С нашего банкетика мы возвращались пешком, чтобы спокойно и без тряски утрясти все наши кушания. Дедушка насвистывал увертюру из Севильского или Серенаду Моцарта и требовал от меня непременного восхищения мелодией (она мне и так нравилась, но он хотел, чтобы всё, что он любит, через него шло ко мне). Он говорил, что такая энергия приходит в музыку только от очень хорошего стола, и что Россини написал столько же опер, сколько знал рецептов соуса к спагетти. (О том, что Моцарт умер голодным, он вспоминать не любил.)

-- Кстати о соусе и спагетти к нему - спохватился дедушка - чуть не забыл, завтра вечером мы приглашены всем этим поужинать у Филиппова. Там один старый антиквар по механике приволок допотопную машину для вытягивания и резки спагетти и завтра после работы будут ее пробовать. По старому Болонскому рецепту. А в среду в "Арагви" Хаши. До открытия, с пол-девятого до одиннадцати, на один заход. Ты знаешь, что это такое - хаши? Ах да, ты же все равно не можешь, ты же у нас занятой теперь! Тебе же теперь в школу по утрам ходить надо! Какая жалость! Ну, ничего, я потом тебе все расскажу. А ты пока что, чтобы было кому рассказывать, по дороге в школу, прежде, чем переходить улицу, повтори, как я тебя учил, ну-ка!" И я декламировал, превозмогая сон: На переходе не дури, но действуй здраво: сперва налево посмотри, затем - направо. И он опять взрывался одобрительным хохотом, и я опять не понимал, что тут смешного.

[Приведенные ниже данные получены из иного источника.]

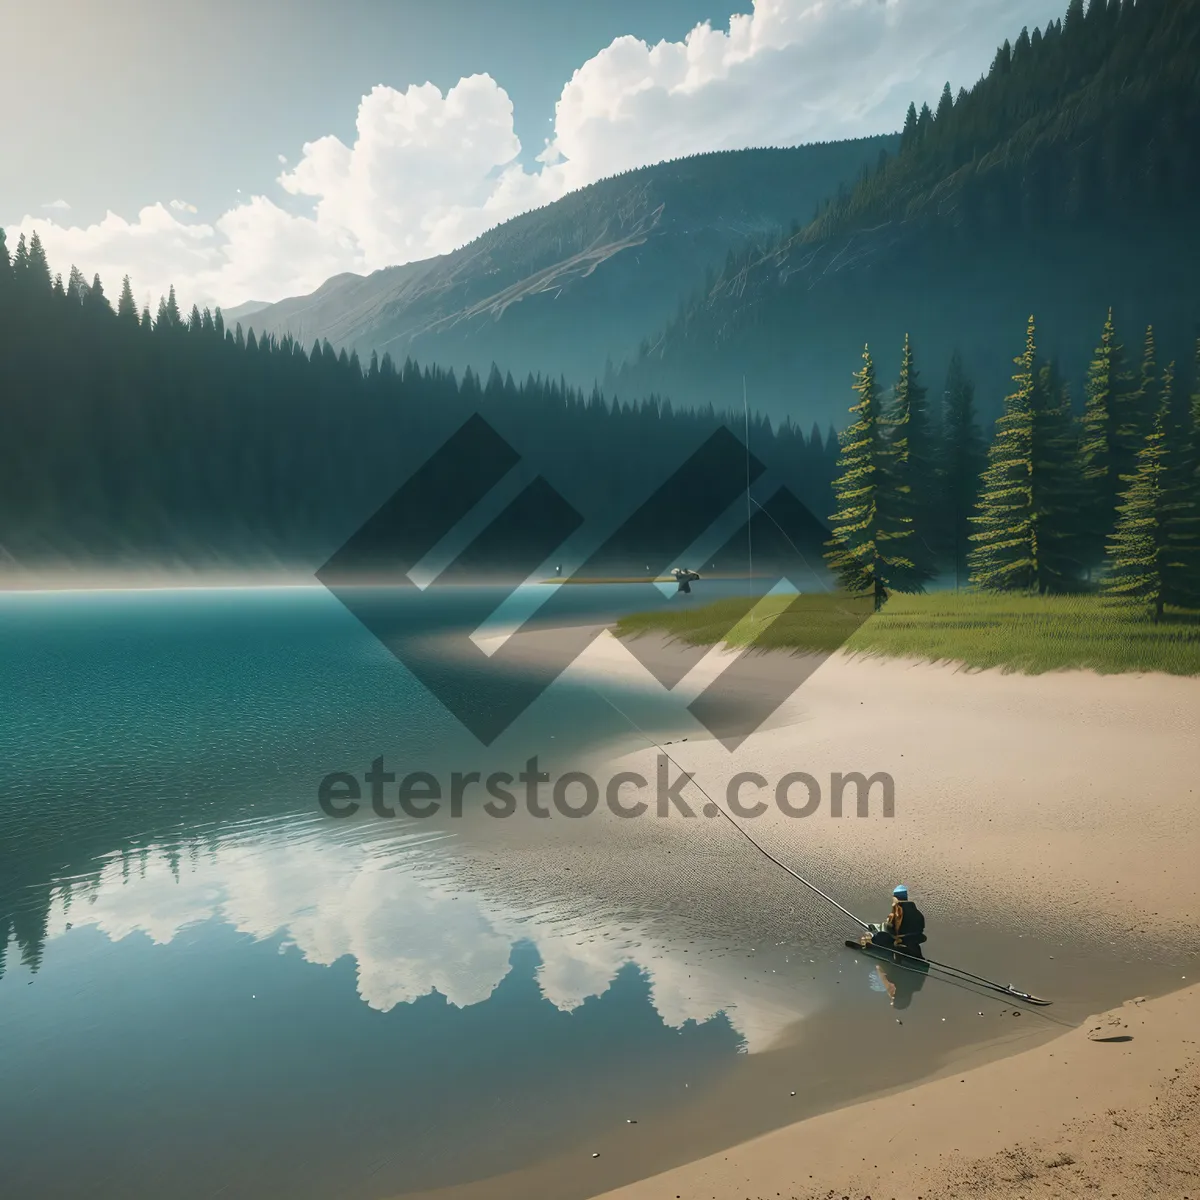 Picture of Snow-capped alpine peaks against serene lake

Для меня это его трагическое "какая жалость" было не чем иным, как концентрированным выражением благодушия. Оно не содержало ни отчаяния, ни расстройства, ни даже досады - но именно, трагедию как повседневное столкновение с какими-нибудь не зависящими от нас силами. Отсутствие достаточных денег в кармане, чтобы купить по дороге билет в Большой театр, где, оказывается, опера "Мать" заменена сегодня на Фауста с Рейзеным. Или отсутствие в парке сортира, в который можно было бы войти без галошь. Или оглашение смертельного диагноза, или даже сама его реализация. Но у него трагедия та всегда была просветлена надеждой, и было бы хорошо, если бы под этим светлым знаком переживались все неудачи: "Вот, опять не получилось! Жаль, конечно, но что поделать - не всё в нашей власти! Надо идти вперед, и там когда-нибудь, что-нибудь обязательно да получится".

Я гляжу на фотокарточку и вспоминаю, как он говорил: "запомни эти времена: в живой очереди времен они - последние, и за ними ничего нет; "не занимали", как бы. Дальше будет что-то совсем не то, а пока нас еще есть немножко, поживи с нами, не пожалеешь!".

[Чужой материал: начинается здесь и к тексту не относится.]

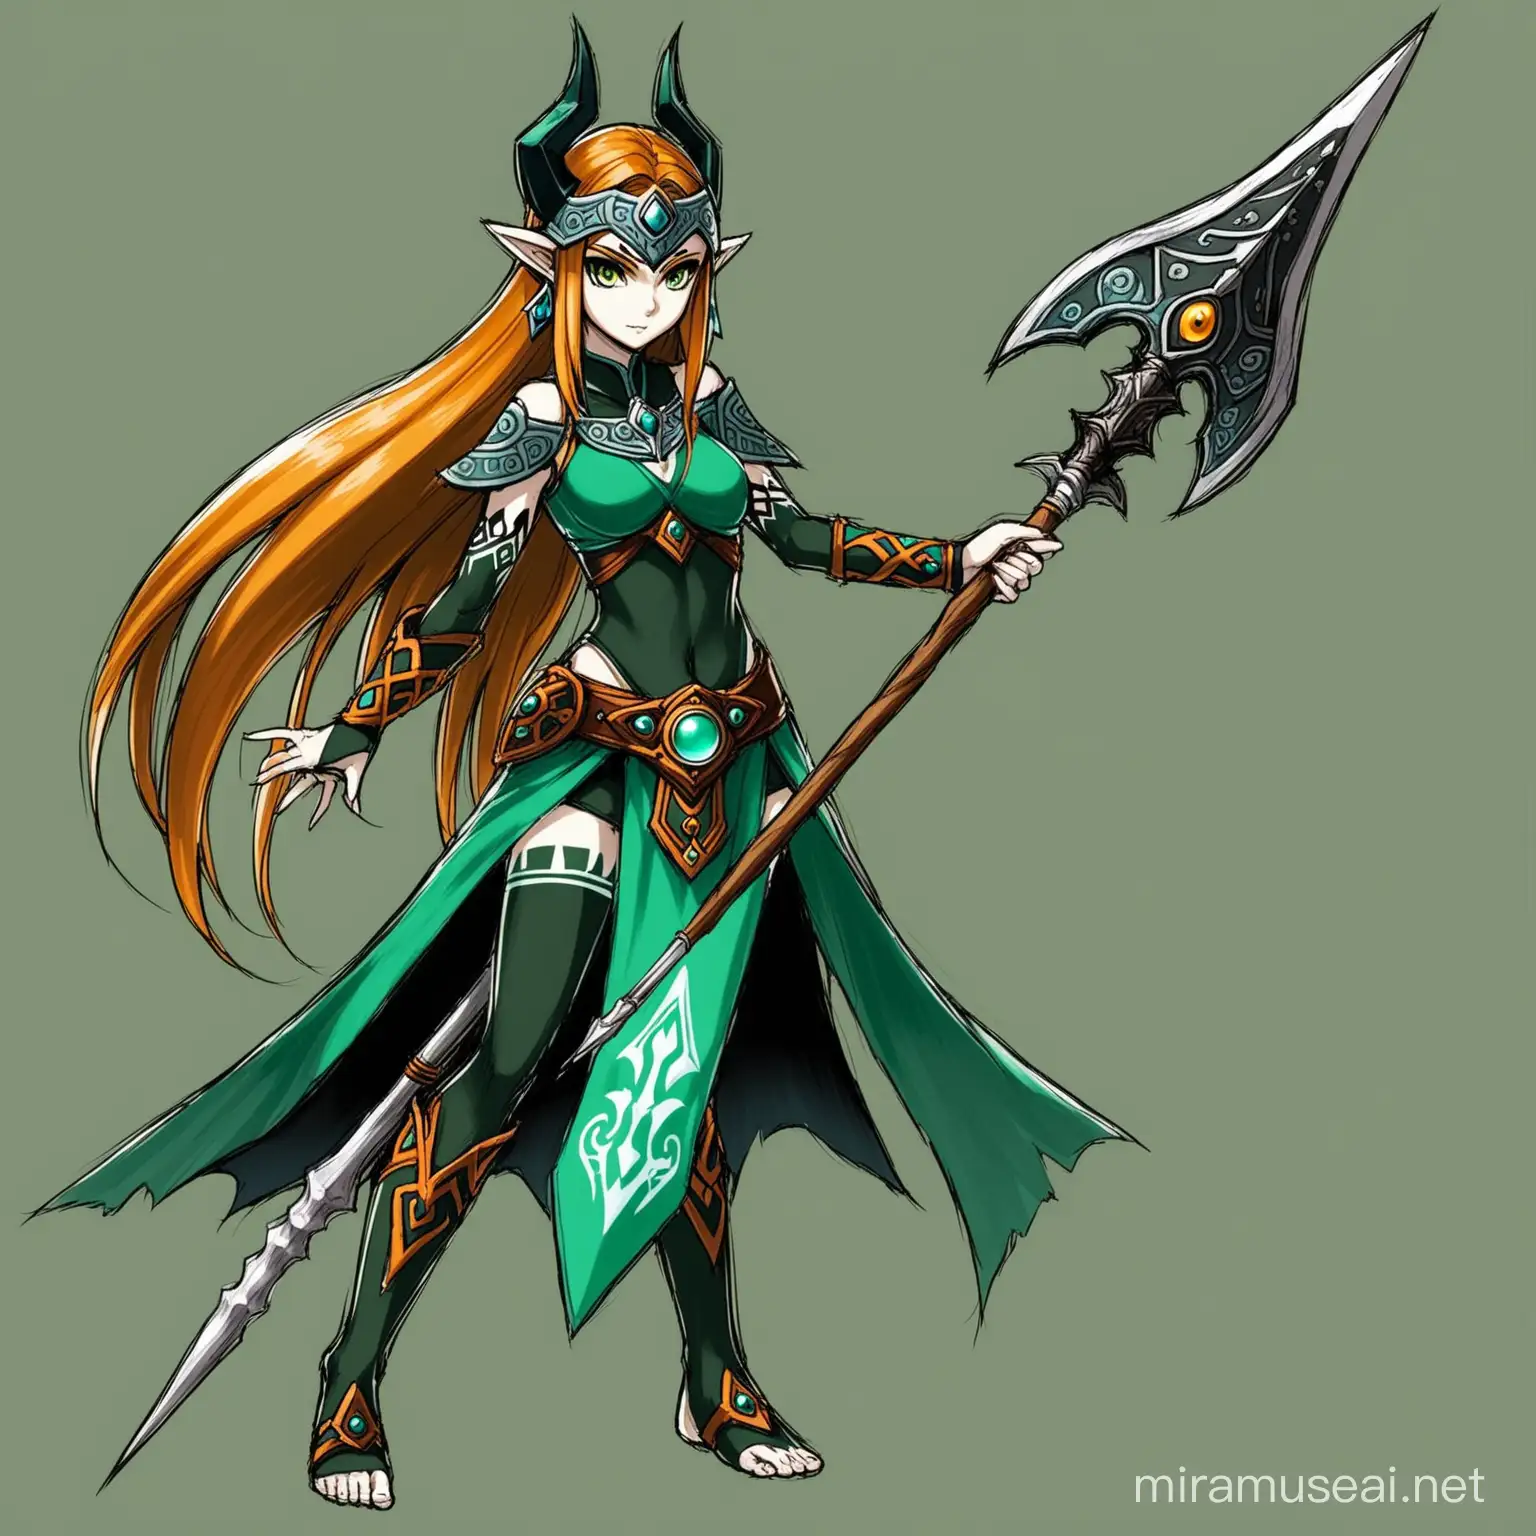 Make a drawing of human Midna from Zelda Twilight Princess. She holds a halberd on her shoulder and cast a spell with her other hand.

Как это - "не занимали", а первоклашка-то тот, ушастый-то, со шнобилем, что из-за дедушки выглядывает! Разве он одним уже приходом своим в еврейскую Гимназию, похожим на приход человека в мир, не задал тогда этого окаянного, "русского" вопроса: кто последний, я за вами. Как в очереди в крематорий. А последними там они были все. Какая жалость!